Примерно через шесть месяцев Исфаган наконец освоился на новом месте и выстроил отношения

с окружающими: меня признал вожаком нашей стаи, себя утвердил в позиции зама, на всех

остальных глядел свысока. Он прожил со мной в Иране три года.

При возвращении в Москву возникла проблема: что делать с птицей?! О том, чтобы бросить

Исфагана на произвол судьбы или даже отдать в «надежные руки», не могло быть и речи.

Но вывоз попугаев из Ирана находился под строгим запретом, а ввоз в СССР требовал ряда

официальных бумаг, собрать которые, с учетом первого обстоятельства, было практически

невозможно.

В такие моменты выручала смекалка: на консульском бланке я выправил Исфагану паспорт.

Биографические данные, в том числе и возраст, позаимствовал у аятоллы

Хомейни. Хозяином записал, естественно, себя. Печать поставил в консульском отделе

посольства{[73]}, обменяв ее на аналогичную услугу для попугая Кеши, который принадлежал

моему тегеранскому коллеге Сане Балакину. Затем отправился в ветеринарное управление

провинции, где делали прививки и выписывали соответствующие свидетельства.

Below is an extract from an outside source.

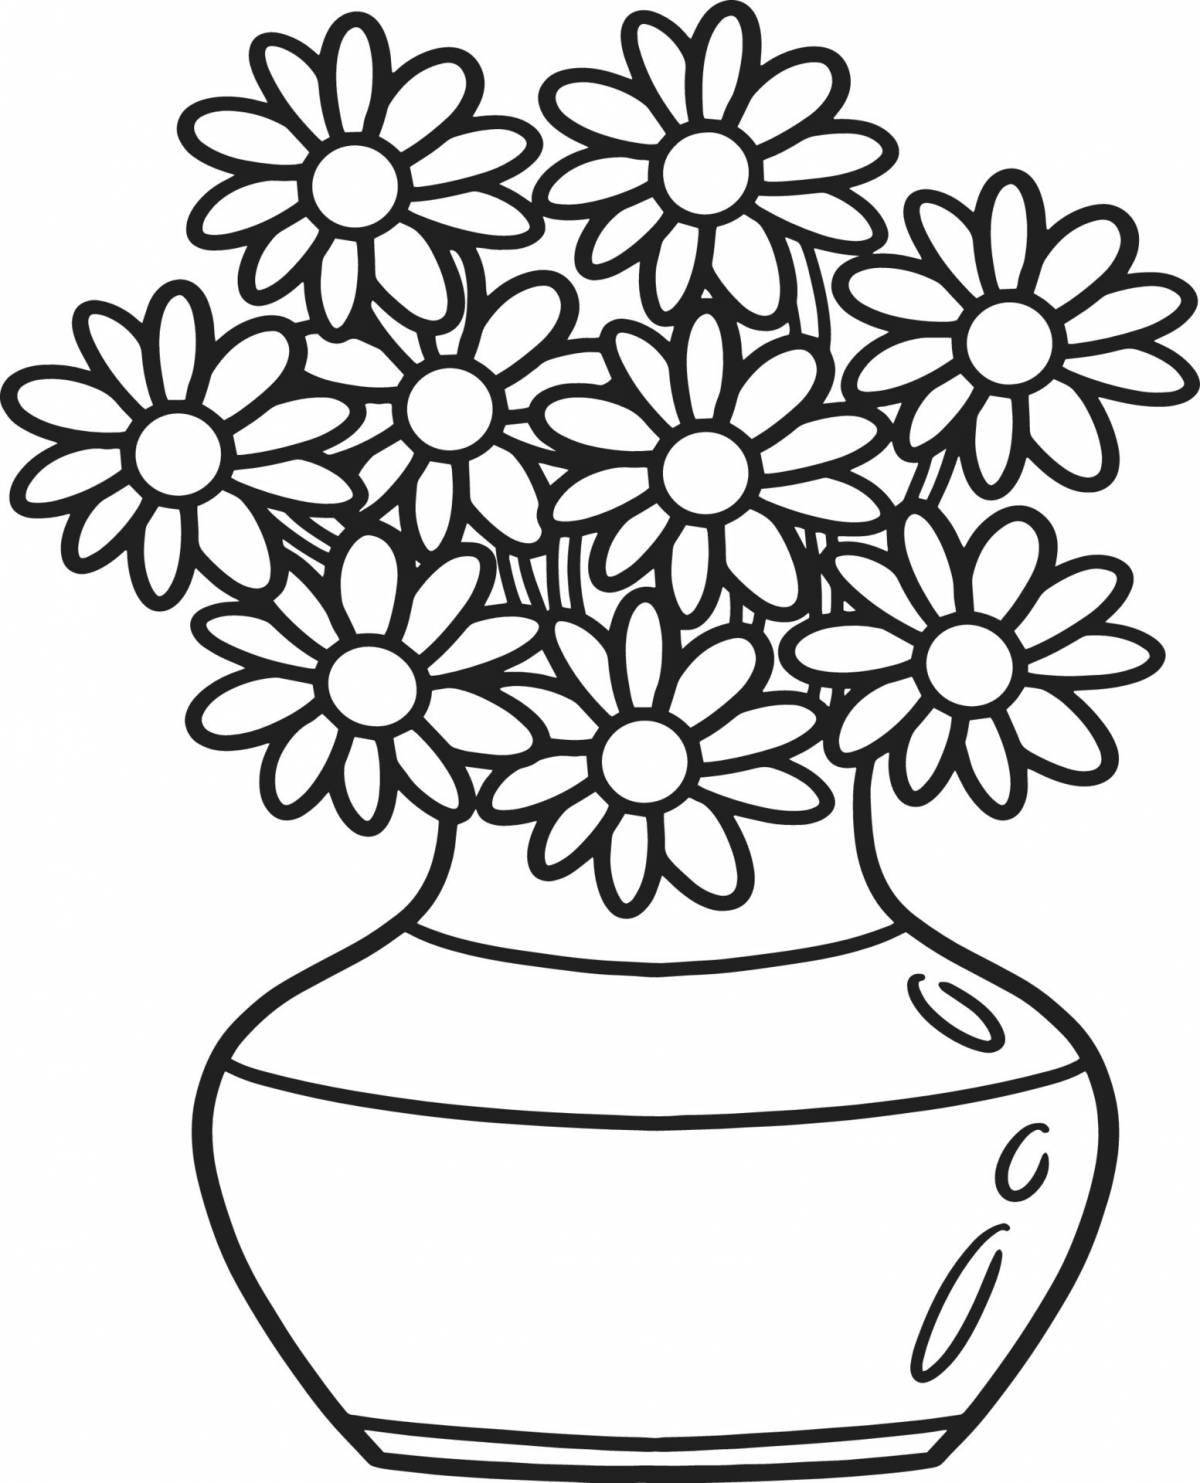 Playful flower vase for children 3-4 years old

Управление располагалось в нескольких километрах от города в пустынной местности. Дорожные

указатели отсутствовали, но ошибки быть не могло: вдоль трассы валялись дохлые ишаки, бараны, верблюды. Над ними кружились стаи ворон. По мере приближения к цели число и тех и других

увеличивалось. Запахи стояли не из приятных. Стало ясно, что везти сюда попугая делать прививку

— это значит обречь его на неизбежную смерть от какой-нибудь звериной заразы.

— Ну-ка, останови на секунду, — сказал я водителю Вите Журбе и пояснил: — Пересяду назад, когда подъедем, выйдешь первым — откроешь мне дверь. Дальше будем импровизировать.

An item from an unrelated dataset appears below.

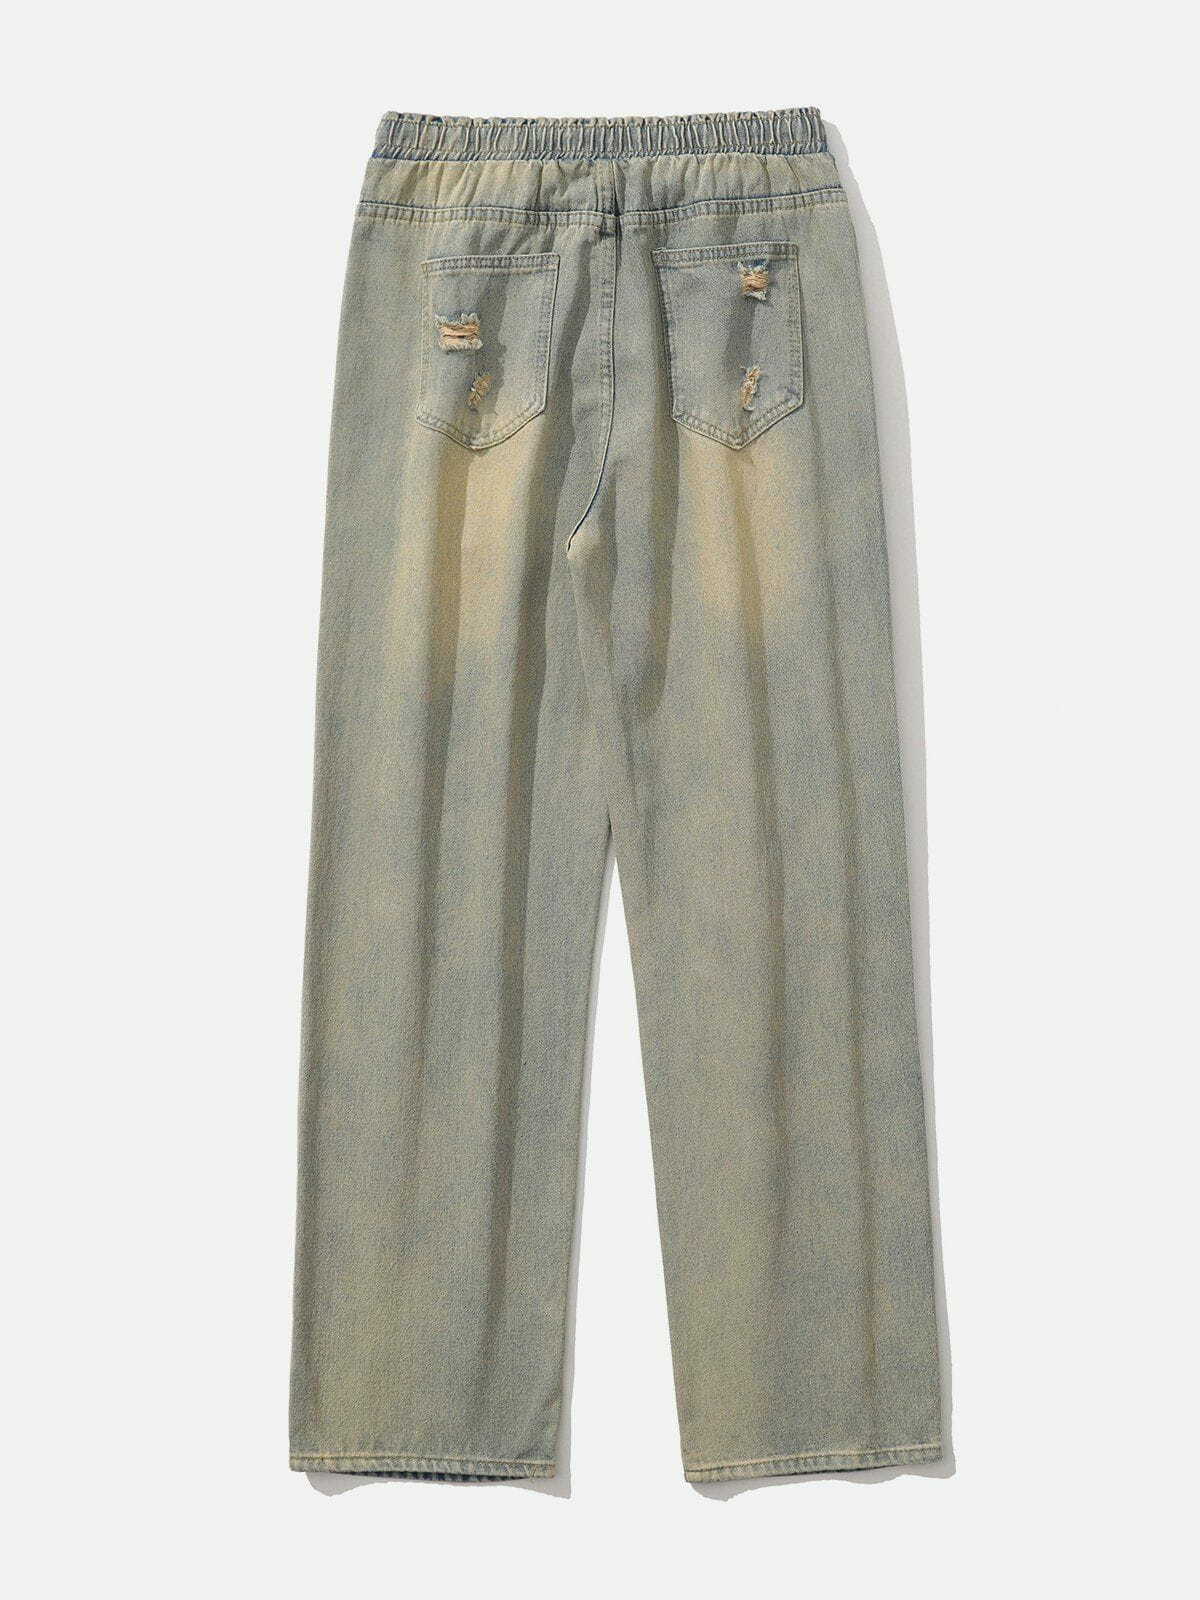 drawstring denim streetwear jeans edgy & retro urban fashion 8184

Витя служил в Иране несколько лет, был тертым калачом и все понимал с полуслова. Он подкатил

консульский мерседес к небольшому облезлому зданию, похожему на барак, откуда сразу же

высыпали несколько небритых людей в грязных халатах, выскочил из машины, обежал ее спереди

и с низким поклоном открыл заднюю дверь.

Здесь требуется раскрыть некоторые детали местной специфики.

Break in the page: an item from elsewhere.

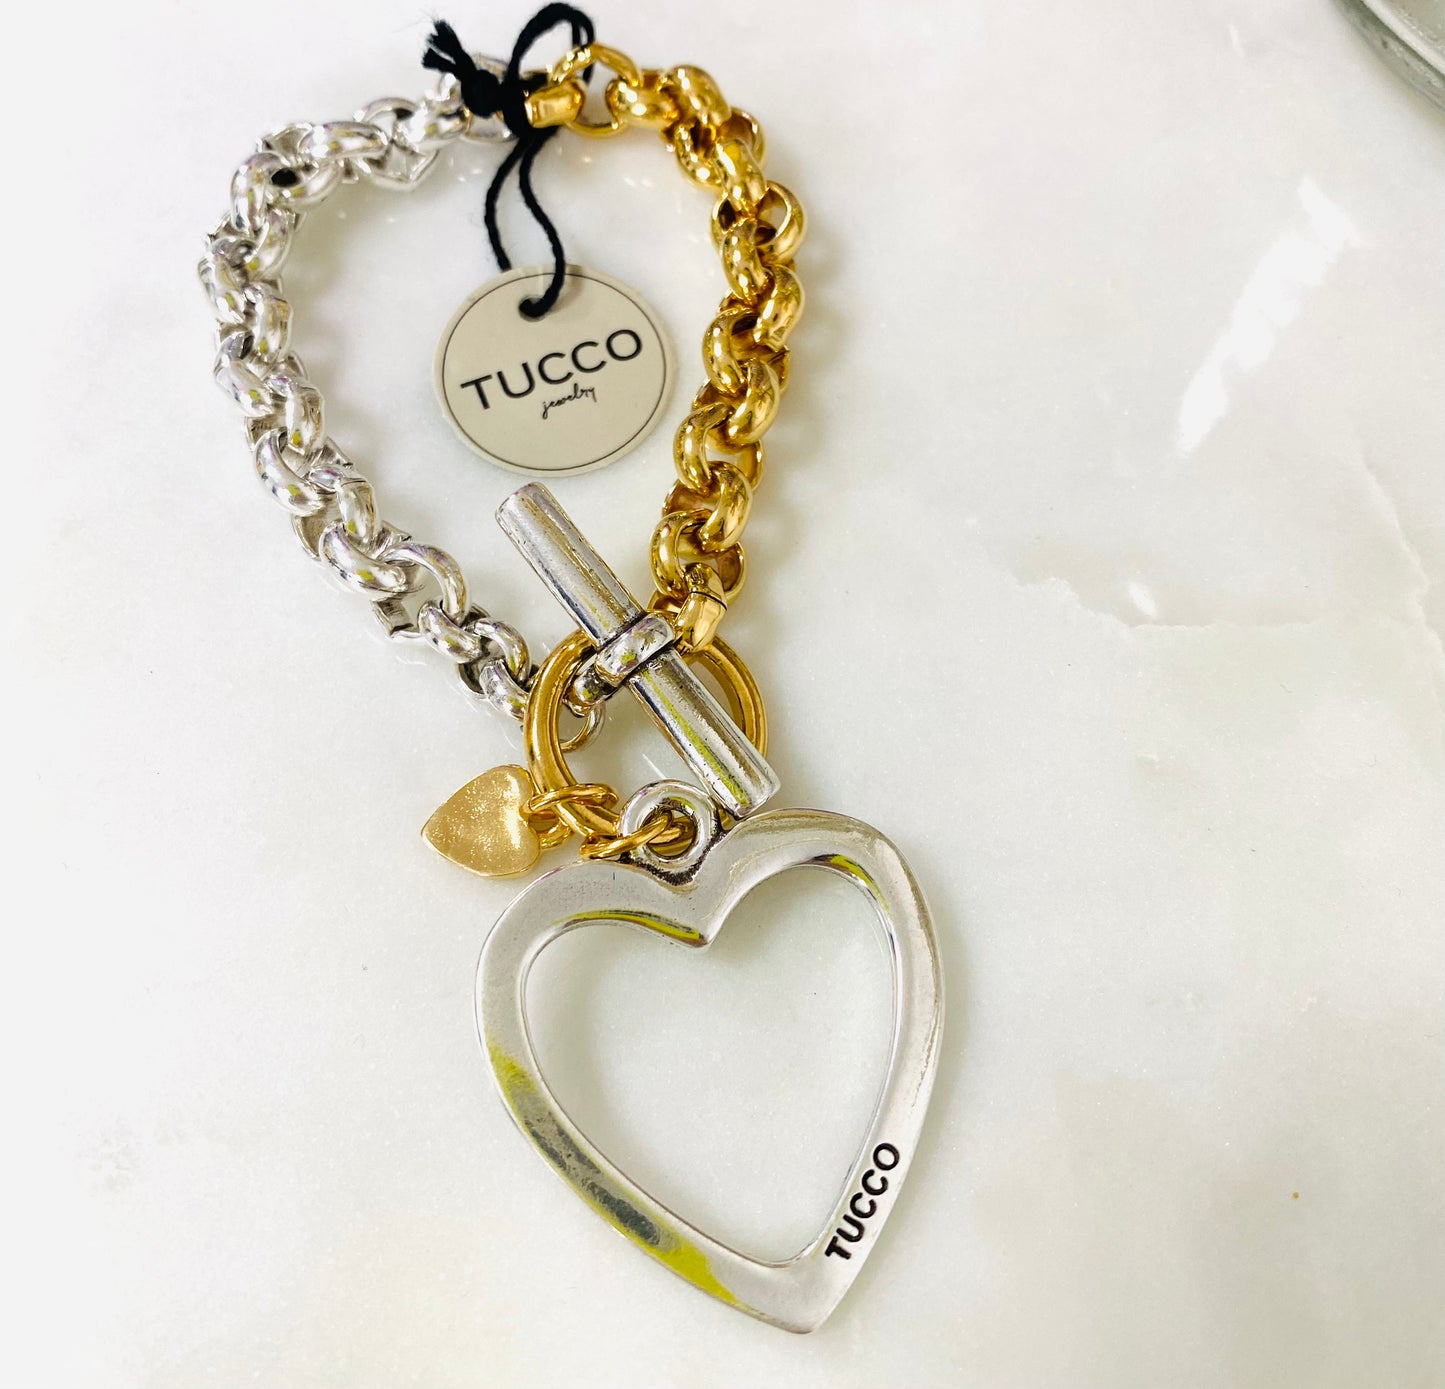 Tucco Gold/Silver Heart Bracelet

В те годы в Иране тот, кто имел мерседес с водителем, распахивающим заднюю дверь, был очень

большим начальником. Статус иностранного дипломата в глазах обычных людей поднимал этот

уровень еще на несколько порядков.

Иранский ветеринар, хоть и принадлежал к уважаемому сообществу врачей, в иерархии

находился на низшей ступени. Он не мог позволить себе общаться на равных с «большими

людьми», как, к примеру, хирург или кардиолог. Он страдал комплексами «маленького человека».

Эти обстоятельства обусловливали способ получения искомой бумажки без риска для жизни

попугая: следовало продемонстрировать высокое положение в обществе и вместе с тем

уважительное отношение к ветеринару. Иранца это должно было подкупить.